EXERCISE AIM
Copy each line of the listing below exactly and drop the images.

SUPPLIED INFORMATION
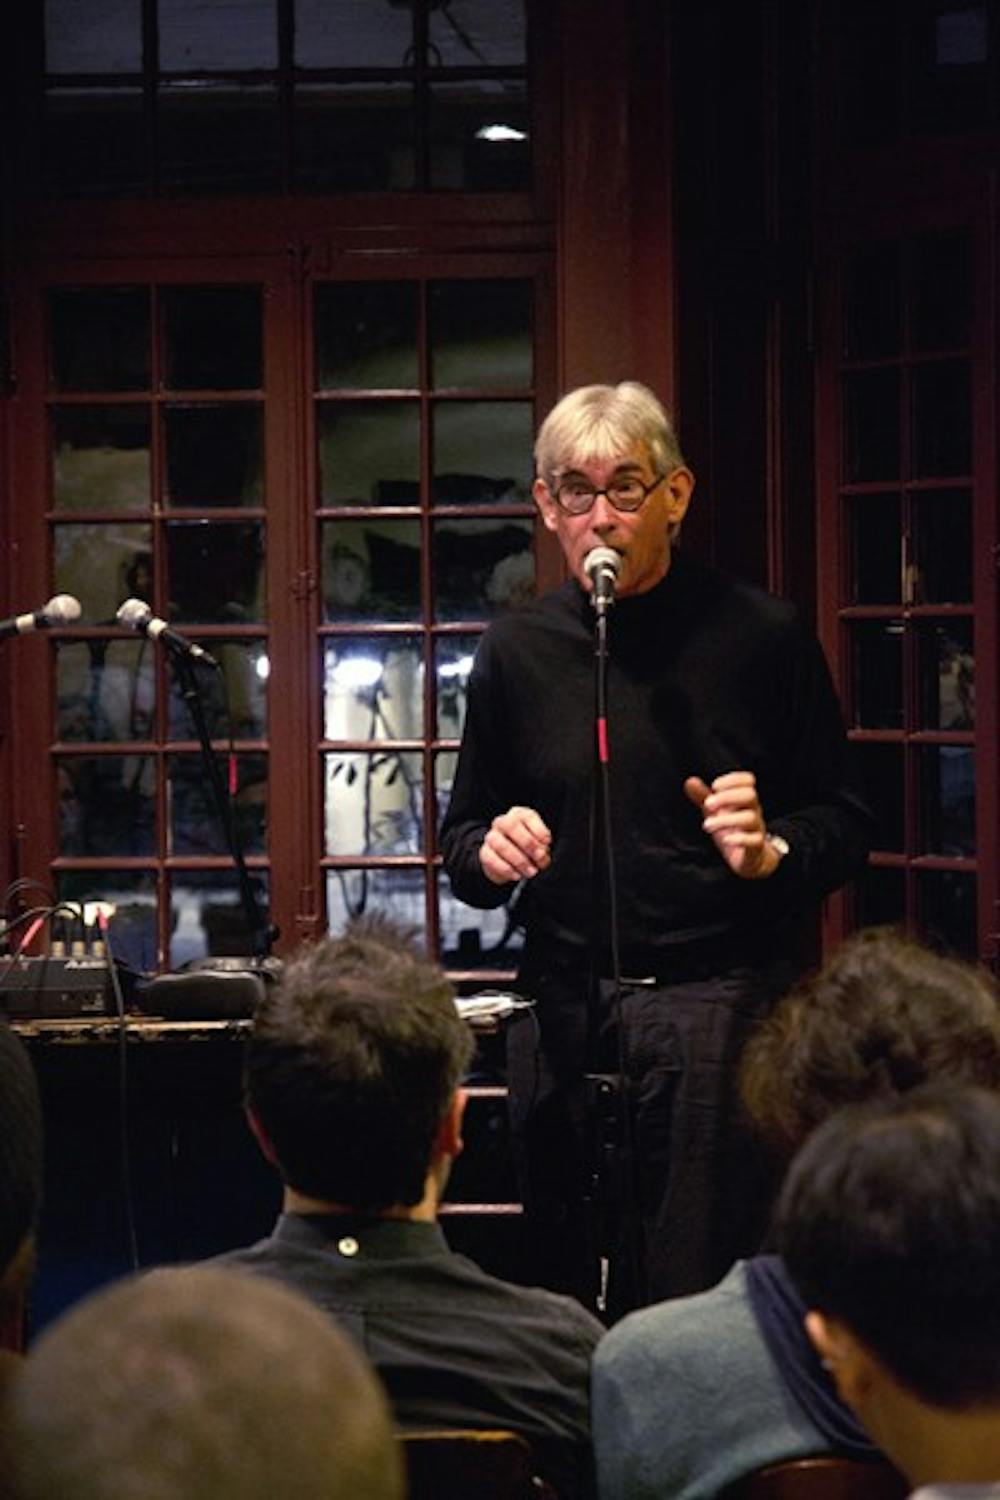 Jaap Blonk is a Sound Poet who performs poetry using only sounds made by his mouth.
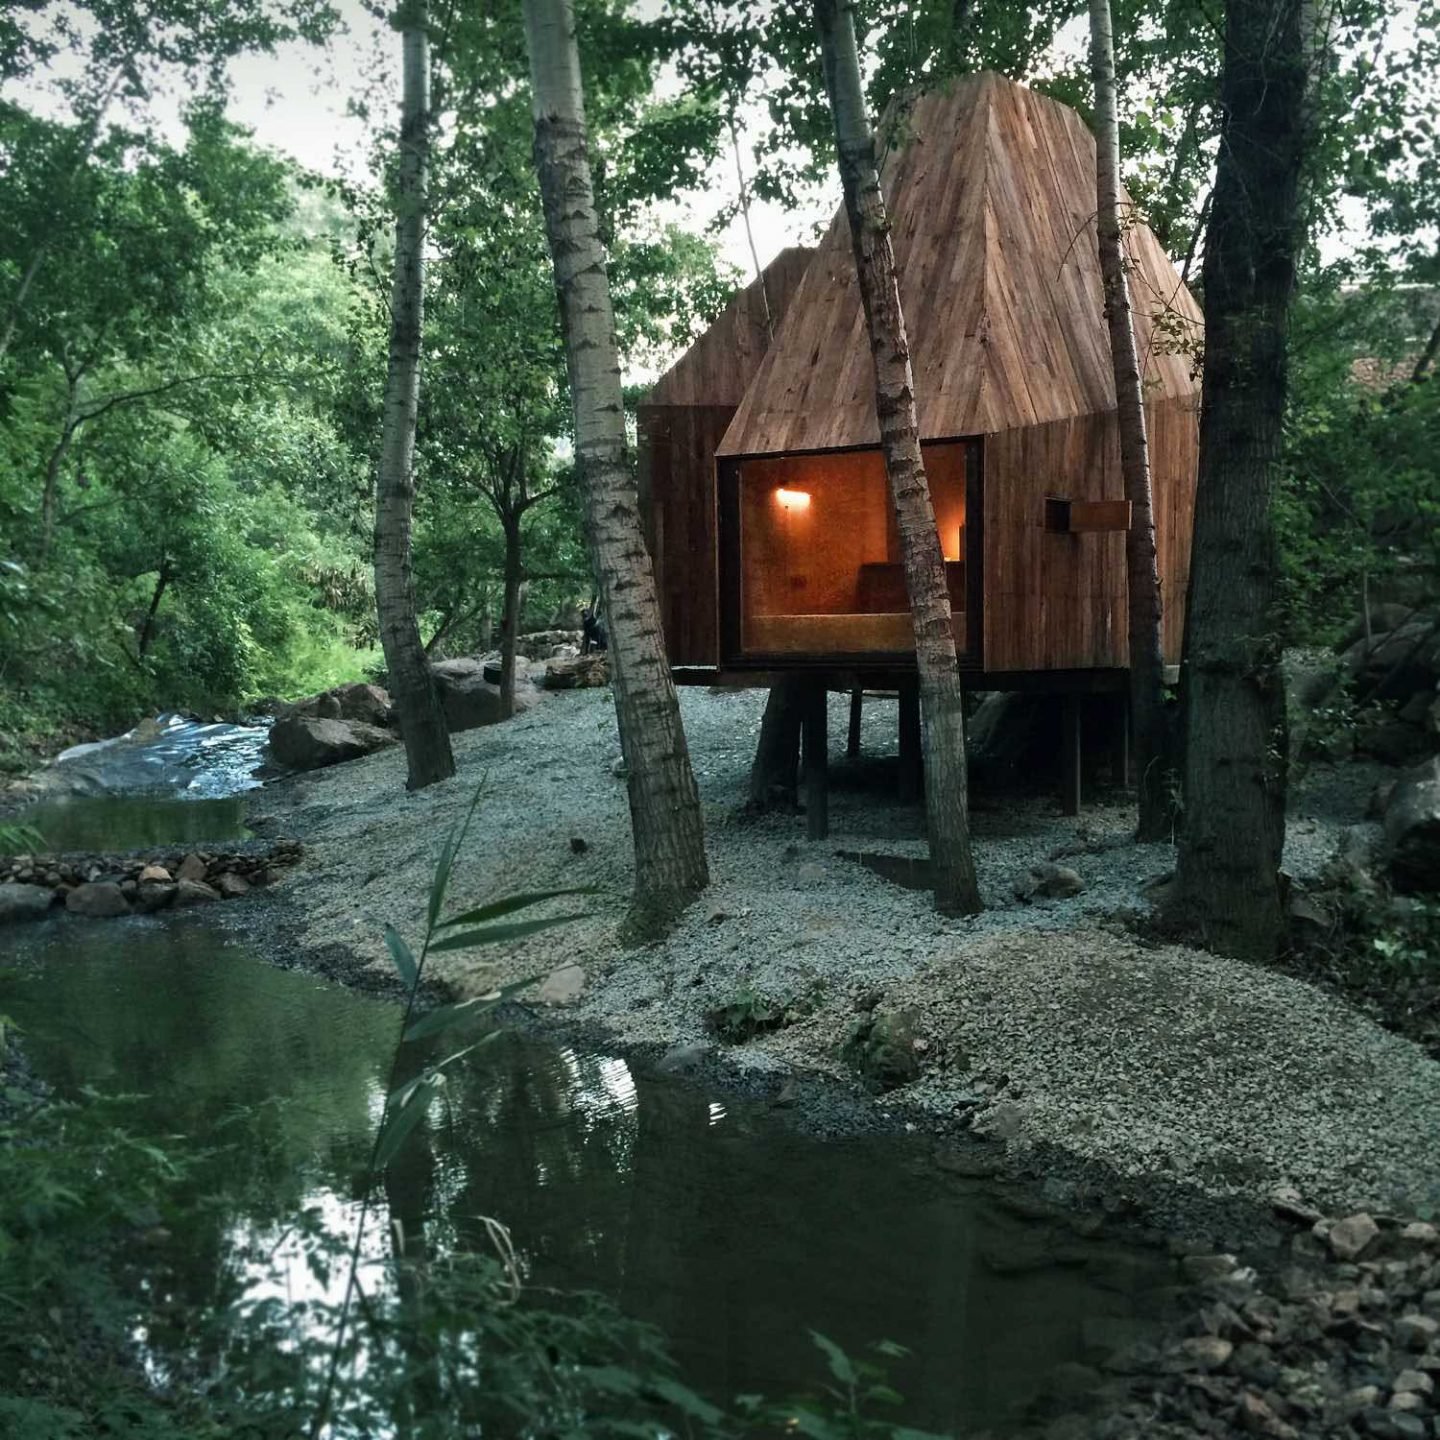 Architecture-Wee-Studio-Treehouse-9
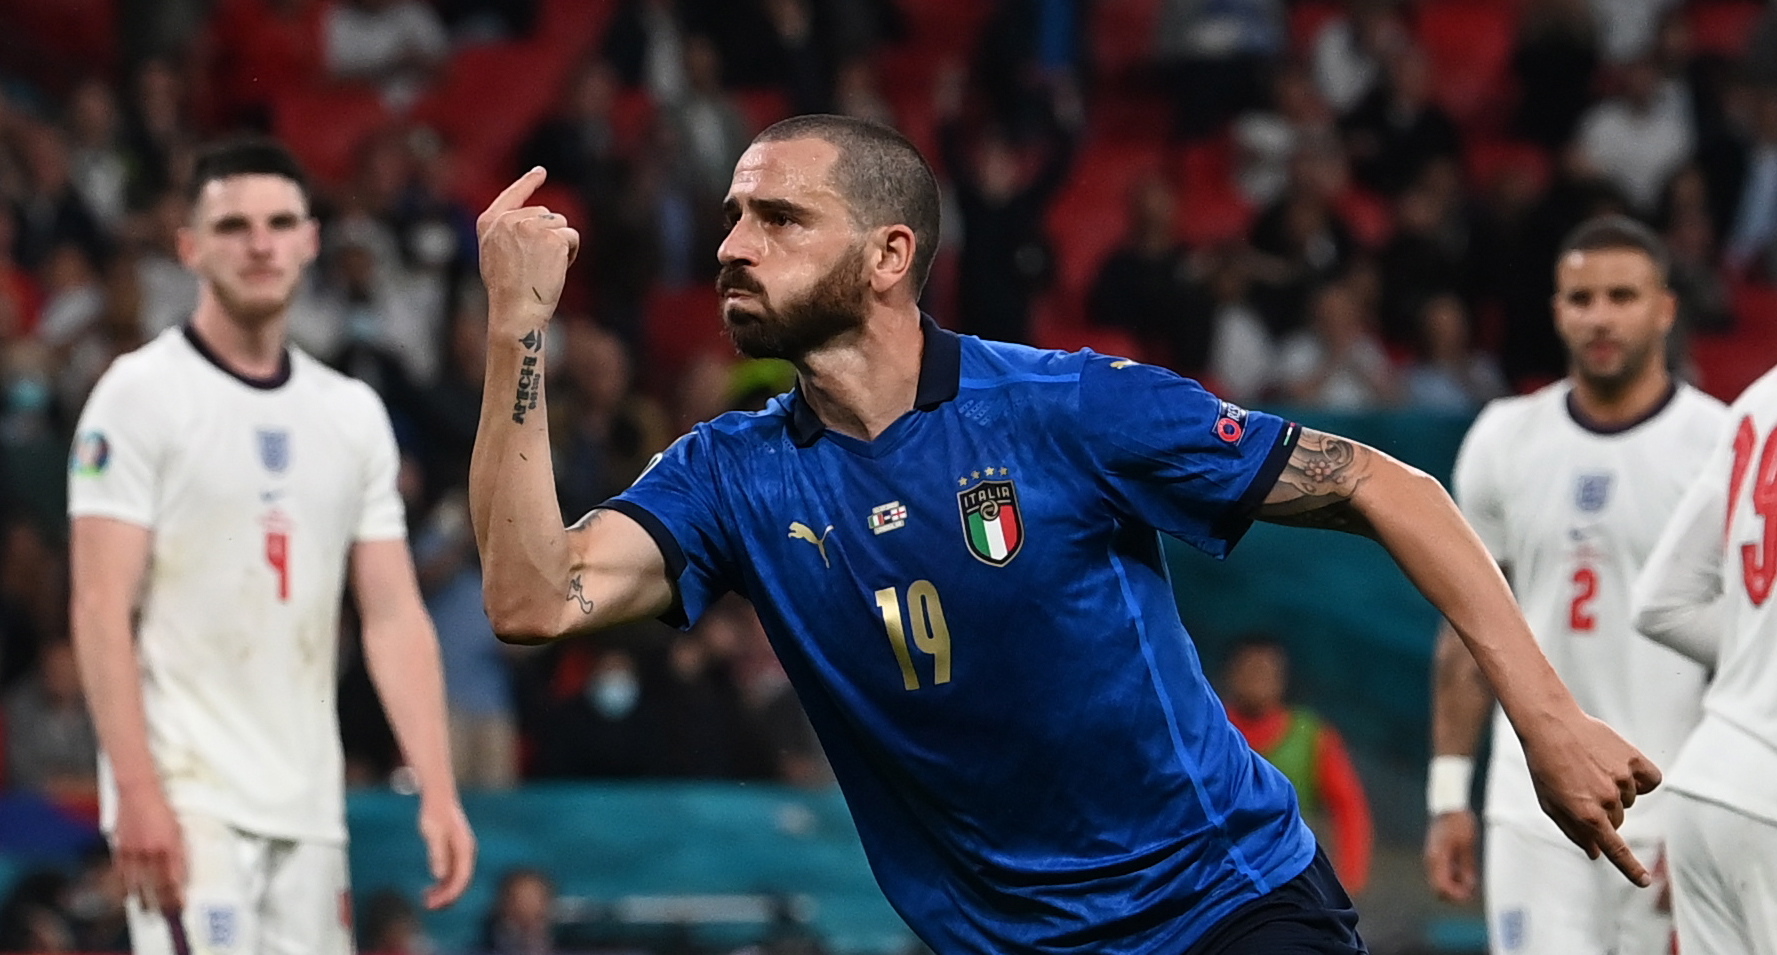 epa09338575 Leonardo Bonucci of Italy celebrates scoring the equalizer during the UEFA EURO 2020 final between Italy and England in London, Britain, 11 July 2021.  EPA/Paul Ellis / POOL (RESTRICTIONS: For editorial news reporting purposes only. Images must appear as still images and must not emulate match action video footage. Photographs published in online publications shall have an interval of at least 20 seconds between the posting.)

ANSWER FOR THE TASK
 Jaap Blonk is a Sound Poet who performs poetry using only sounds made by his mouth.
 Architecture-Wee-Studio-Treehouse-9
 epa09338575 Leonardo Bonucci of Italy celebrates scoring the equalizer during the UEFA EURO 2020 final between Italy and England in London, Britain, 11 July 2021.  EPA/Paul Ellis / POOL (RESTRICTIONS: For editorial news reporting purposes only. Images must appear as still images and must not emulate match action video footage. Photographs published in online publications shall have an interval of at least 20 seconds between the posting.)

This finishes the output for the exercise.